EXTRACTED ENTRIES START

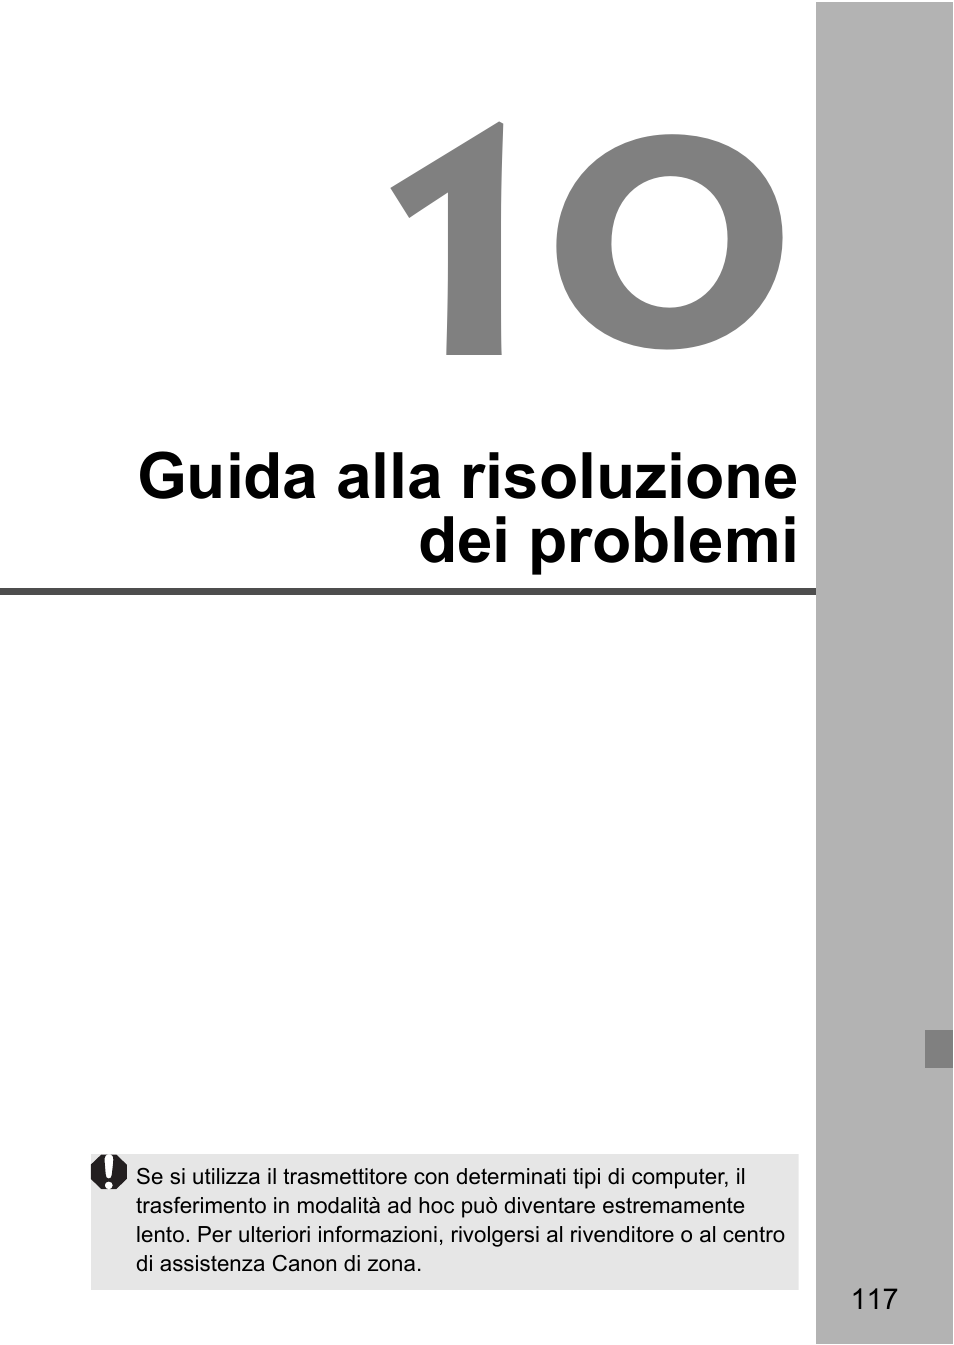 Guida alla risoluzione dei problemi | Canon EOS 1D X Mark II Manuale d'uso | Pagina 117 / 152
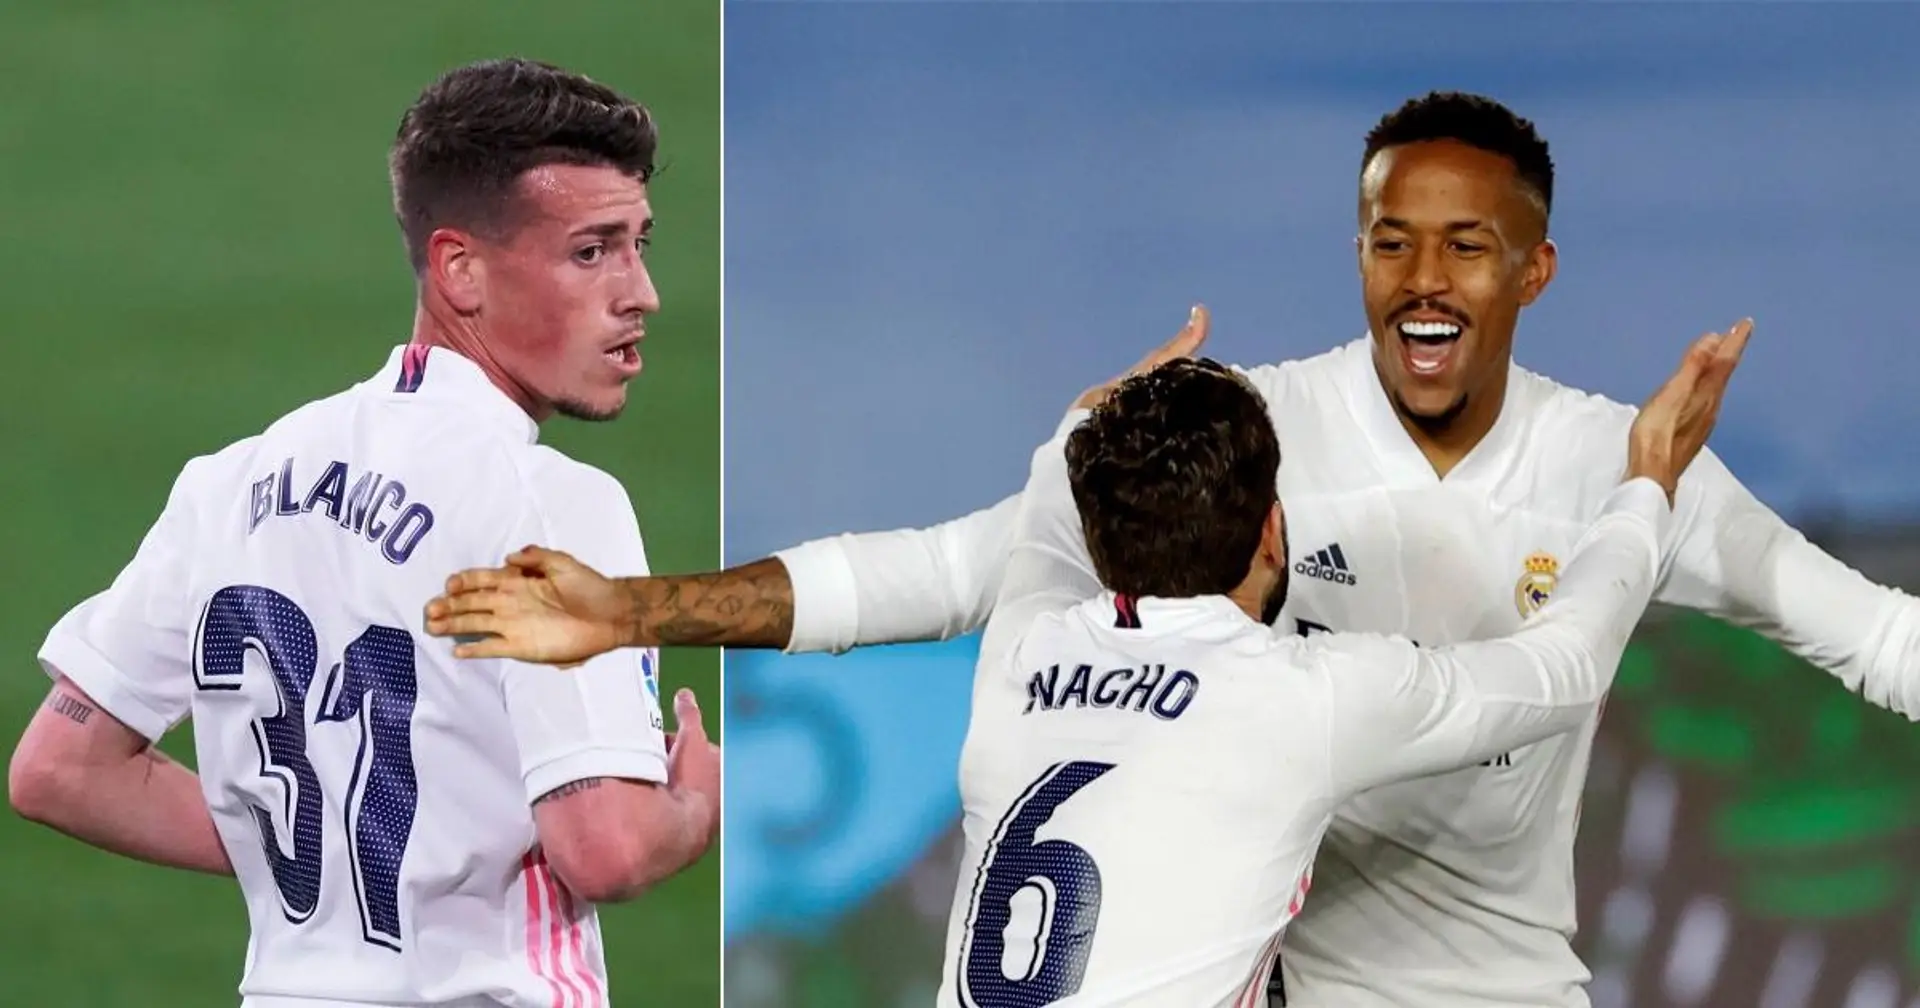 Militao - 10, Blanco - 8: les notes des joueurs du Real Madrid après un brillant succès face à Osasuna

EXTRACTED ENTRIES END
EXTRACTED ENTRIES START

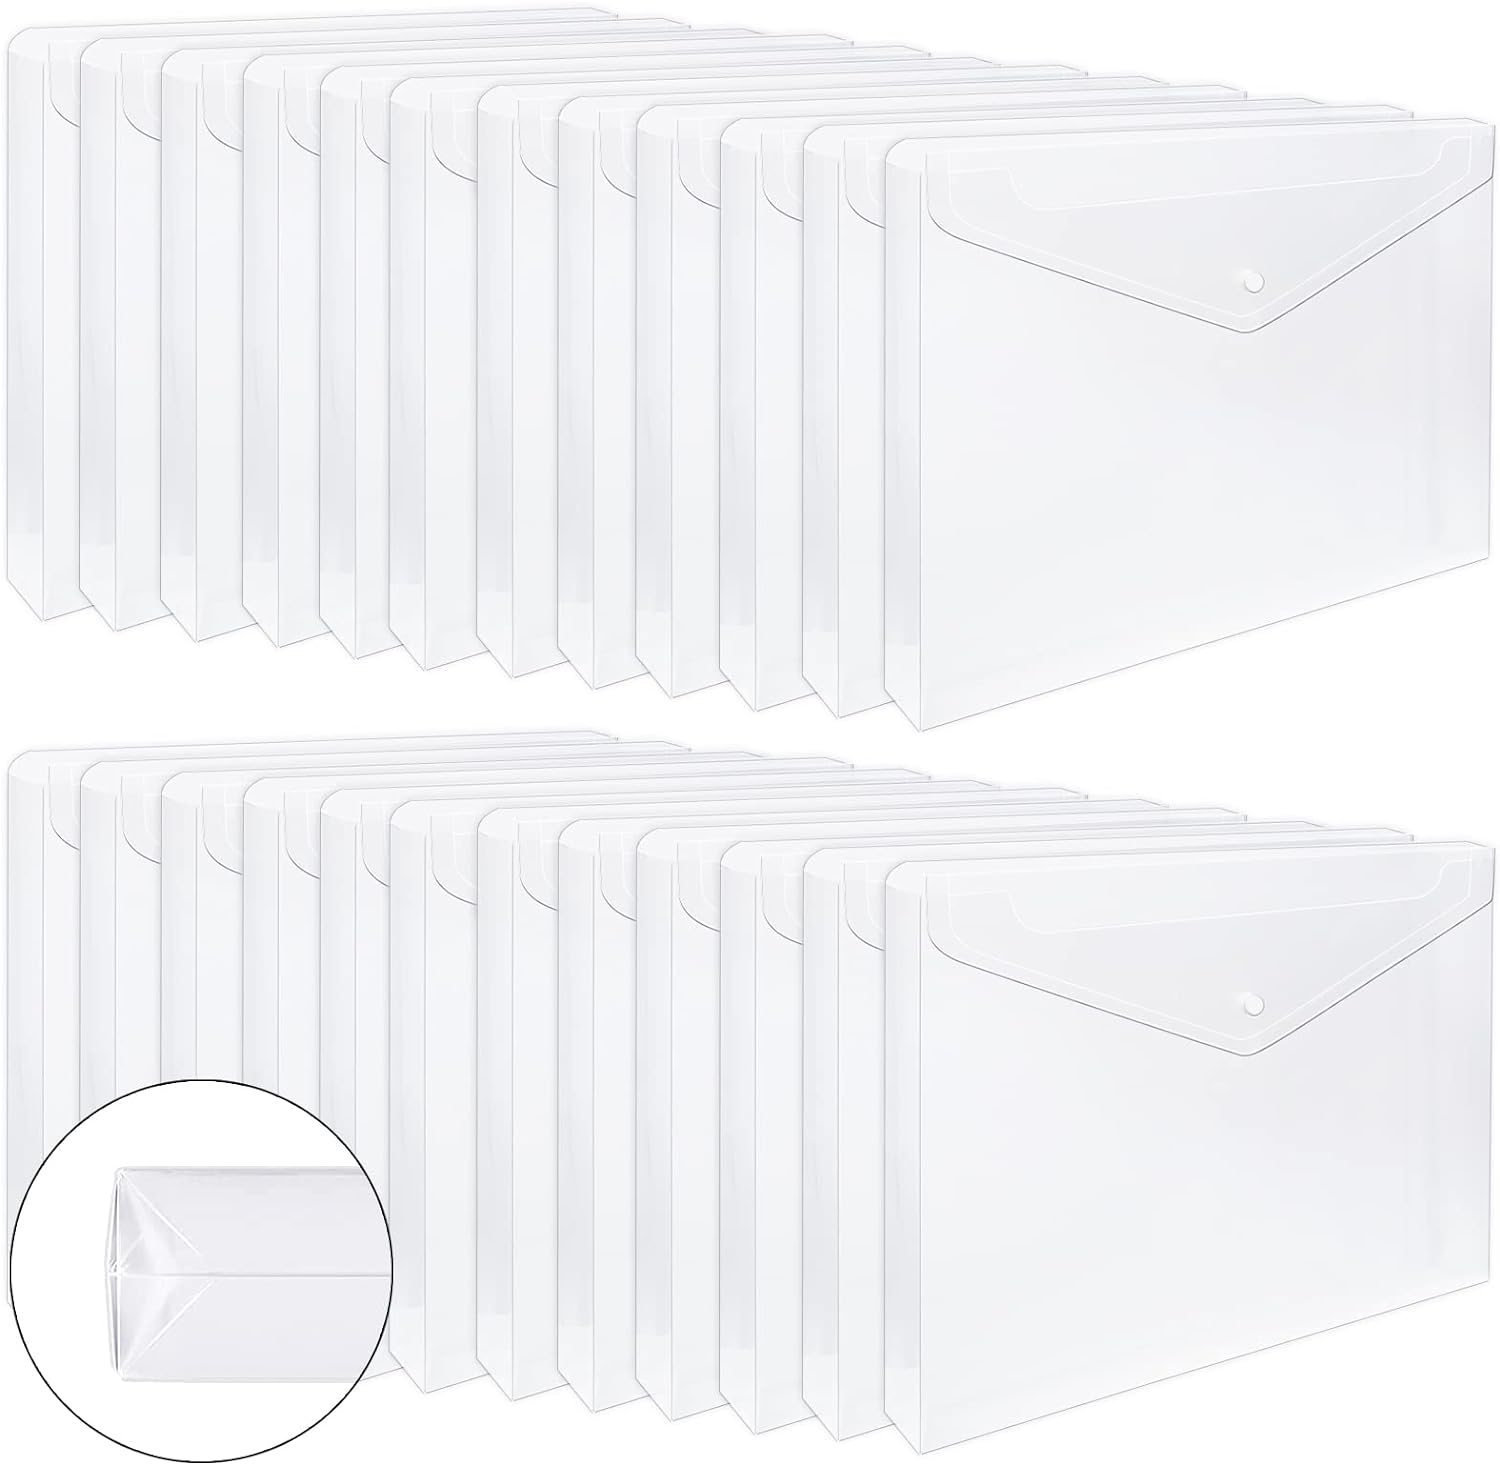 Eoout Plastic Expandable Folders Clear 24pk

EXTRACTED ENTRIES END
EXTRACTED ENTRIES START

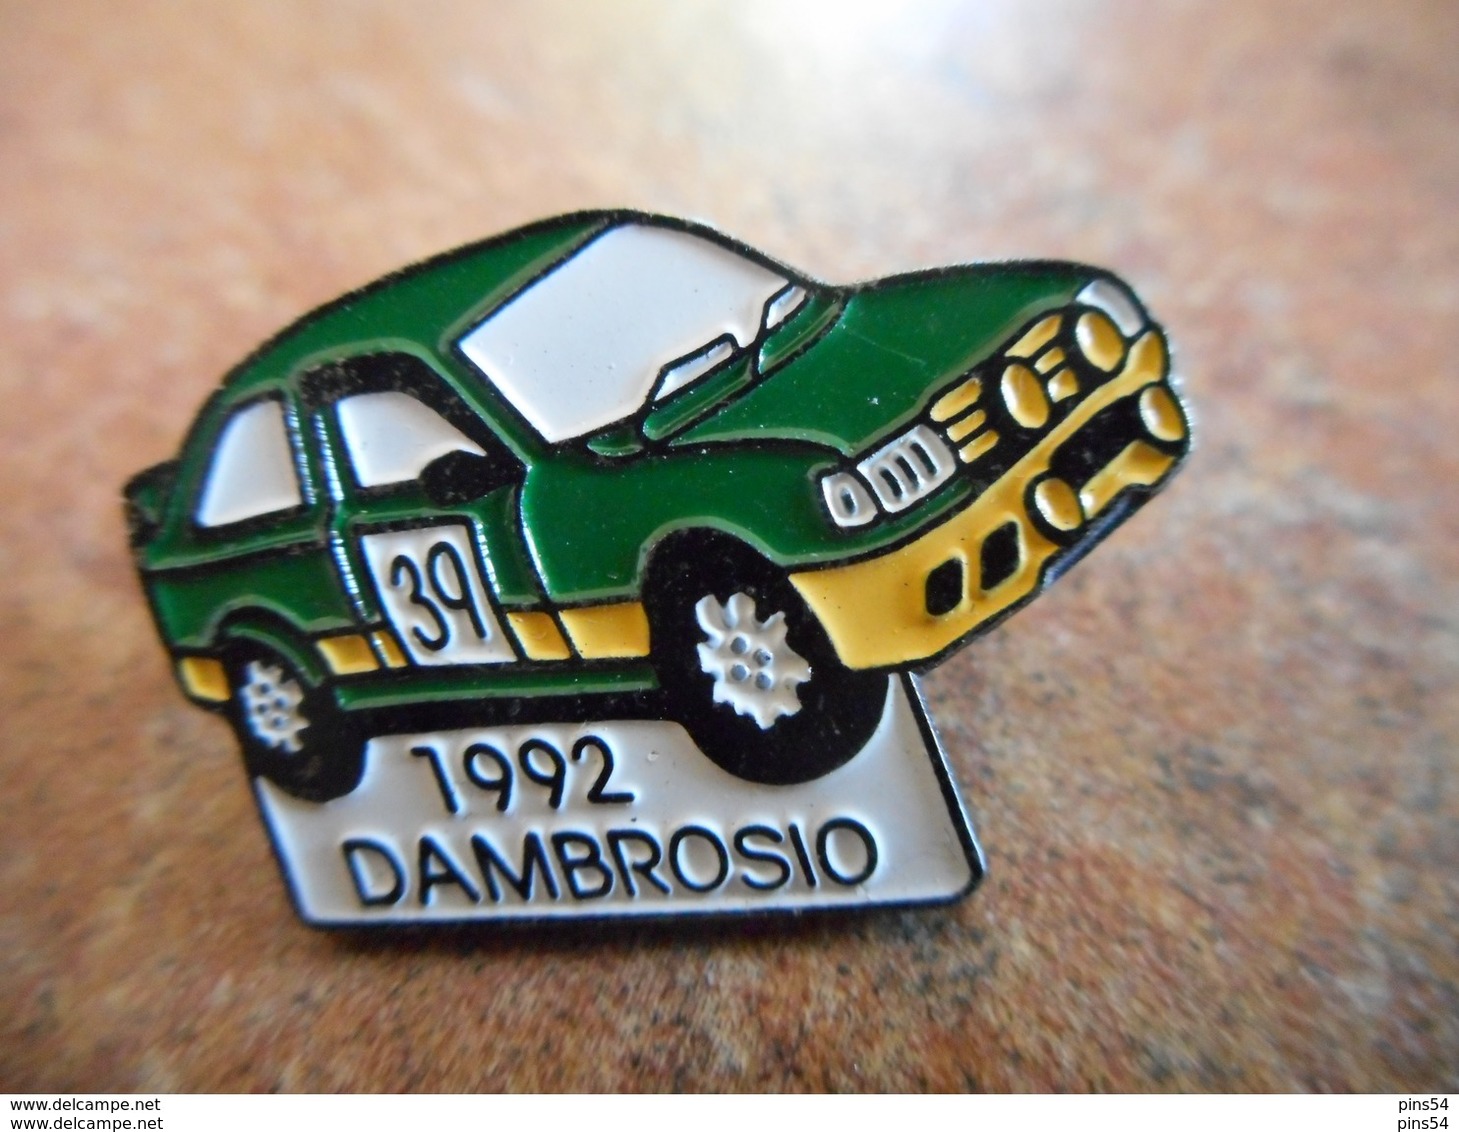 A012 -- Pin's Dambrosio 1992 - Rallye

EXTRACTED ENTRIES END

*WHAT TO PRODUCE*.
What is needed is an exact copy of the lines above from the one with "Guida alla risoluzione" to the one with "Militao - 10, Blanco", both ends kept, and nothing more; please leave the pictures out.

*EXERCISE OUTPUT*.
 Guida alla risoluzione dei problemi | Canon EOS 1D X Mark II Manuale d'uso | Pagina 117 / 152
 Militao - 10, Blanco - 8: les notes des joueurs du Real Madrid après un brillant succès face à Osasuna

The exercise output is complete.